Below are records; the lines starting at the one with "UNCANNY X-MEN #220" and ending at the one with "Gesetzblatt (GBl.) der" must be reproduced exactly, both included. Pictures must not appear.

▶ [INFORMATION PROVIDED]:
-=-=-=-=-

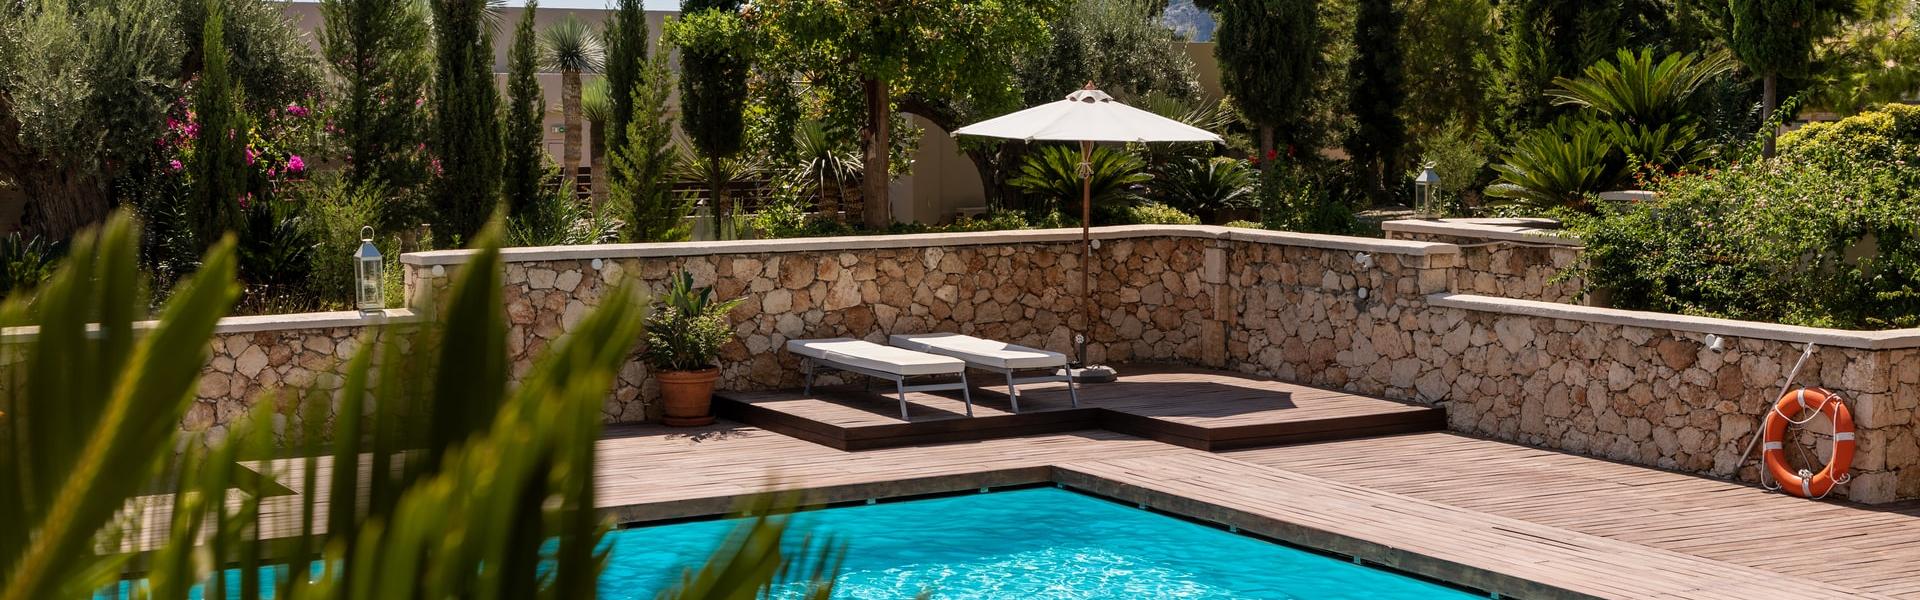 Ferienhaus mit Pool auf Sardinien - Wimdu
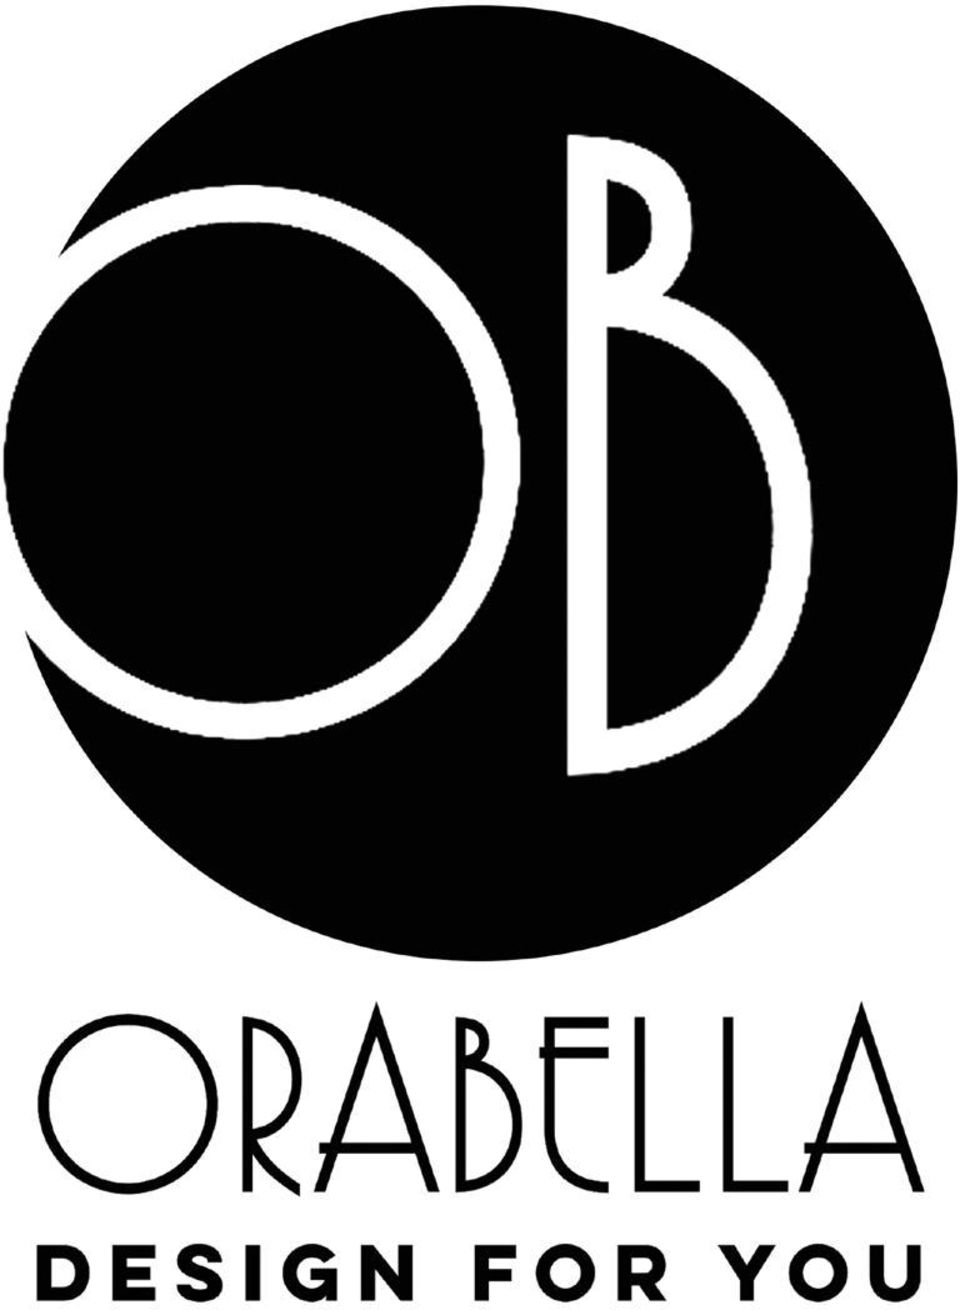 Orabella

-=-=-=-=-

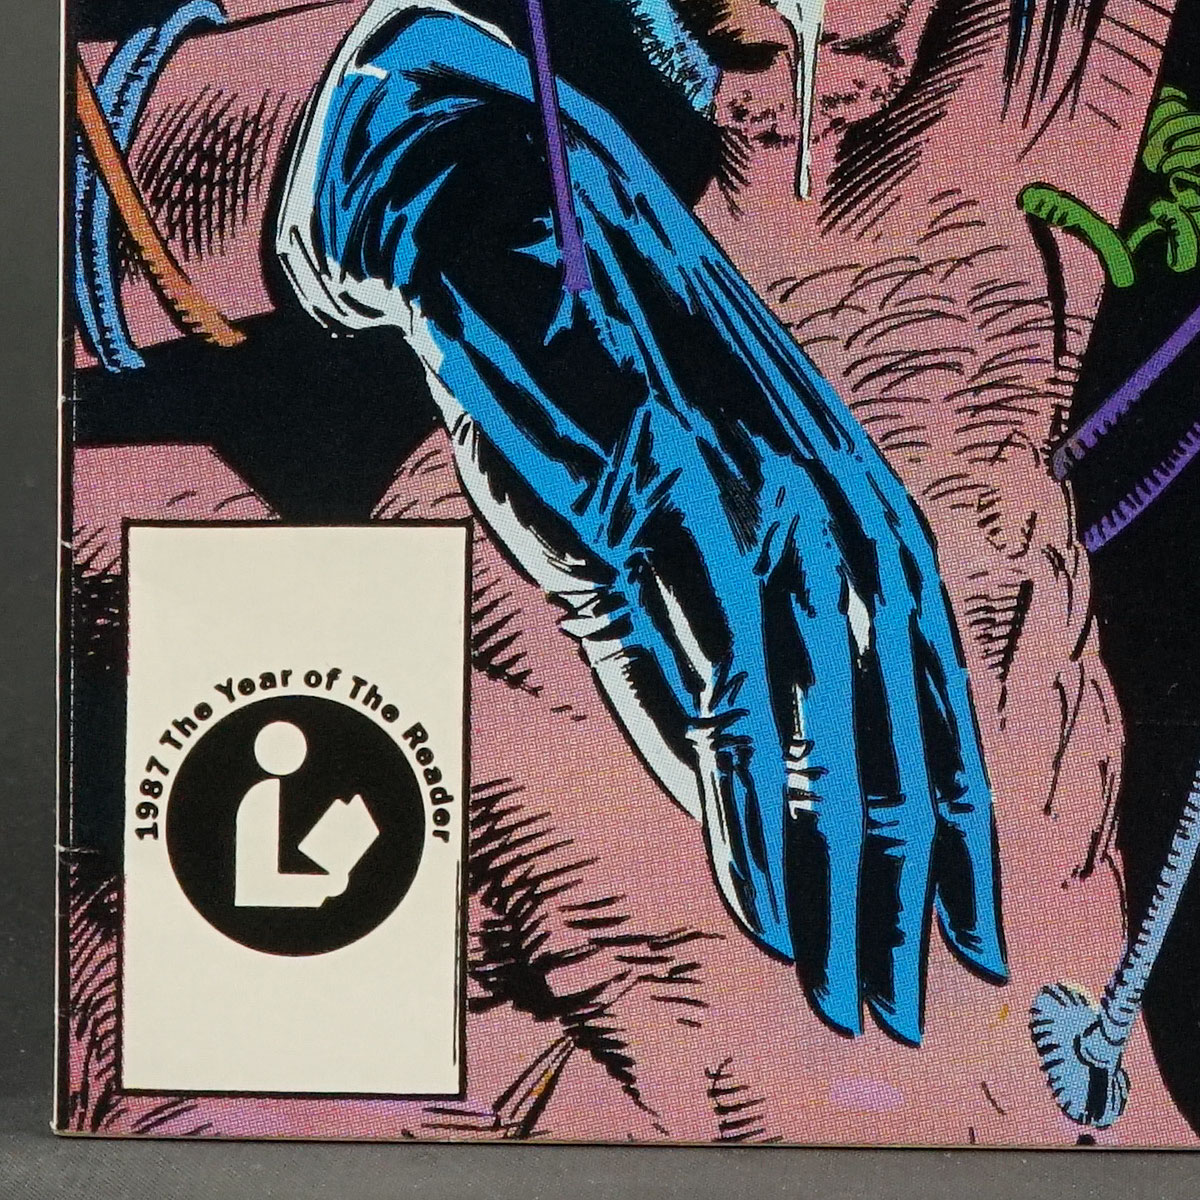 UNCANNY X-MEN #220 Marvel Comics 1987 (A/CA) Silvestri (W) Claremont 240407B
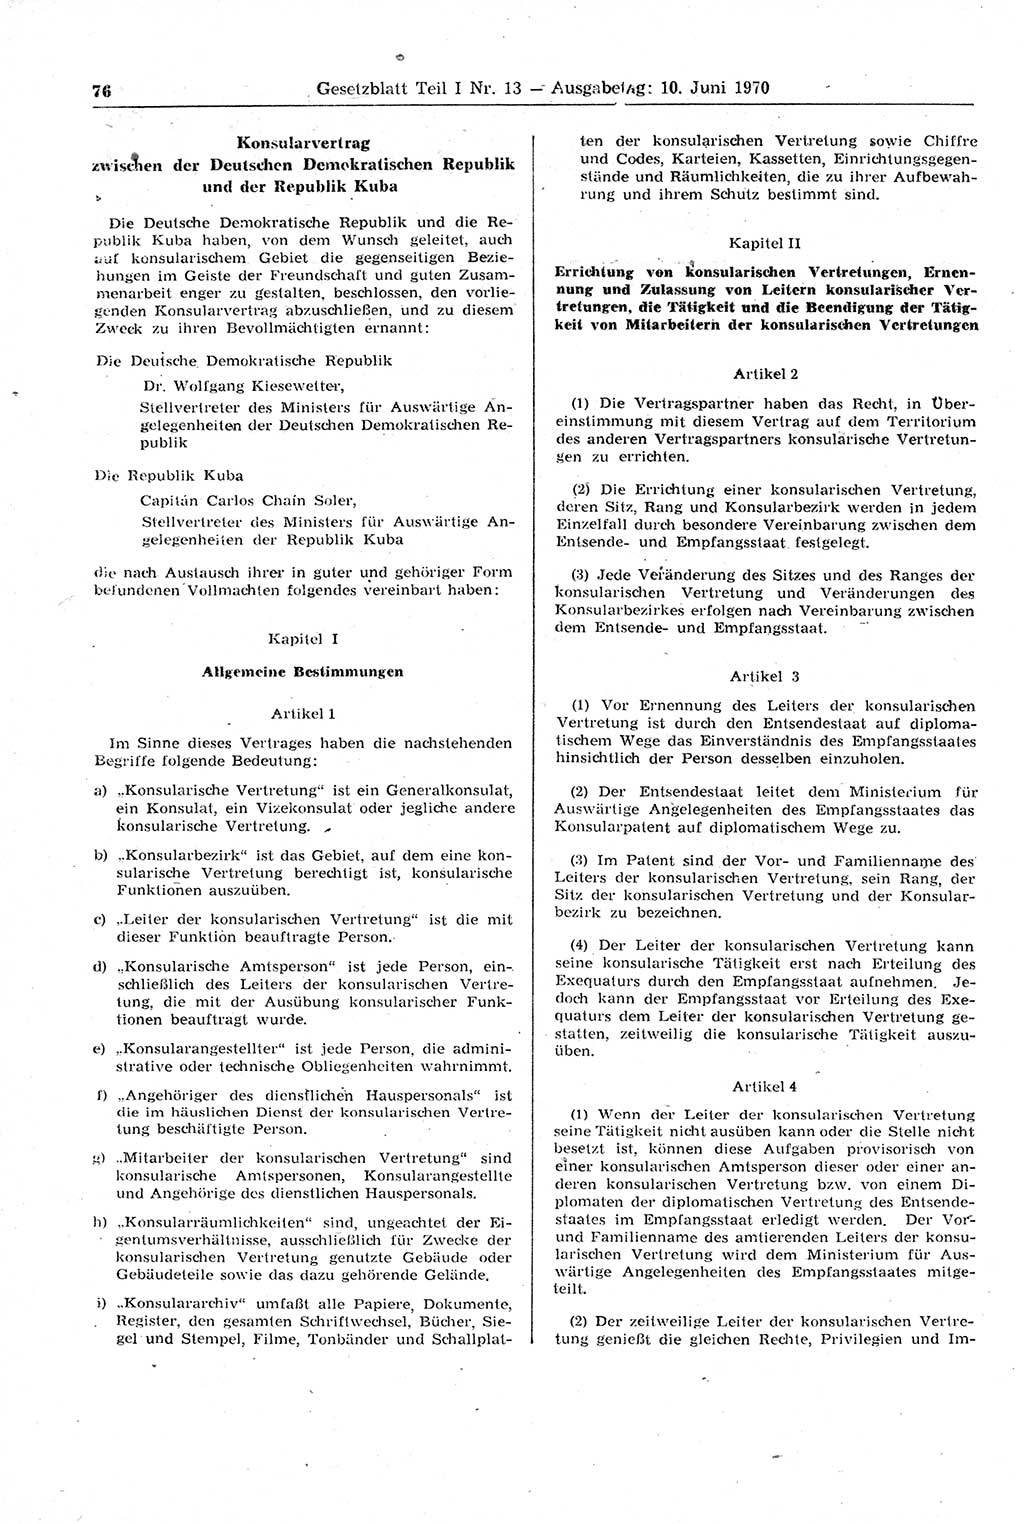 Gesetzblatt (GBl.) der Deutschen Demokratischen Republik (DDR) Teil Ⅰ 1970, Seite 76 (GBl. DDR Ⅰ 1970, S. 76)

-=-=-=-=-

▶ [RESULT OF THE EXERCISE]:
 UNCANNY X-MEN #220 Marvel Comics 1987 (A/CA) Silvestri (W) Claremont 240407B
 Gesetzblatt (GBl.) der Deutschen Demokratischen Republik (DDR) Teil Ⅰ 1970, Seite 76 (GBl. DDR Ⅰ 1970, S. 76)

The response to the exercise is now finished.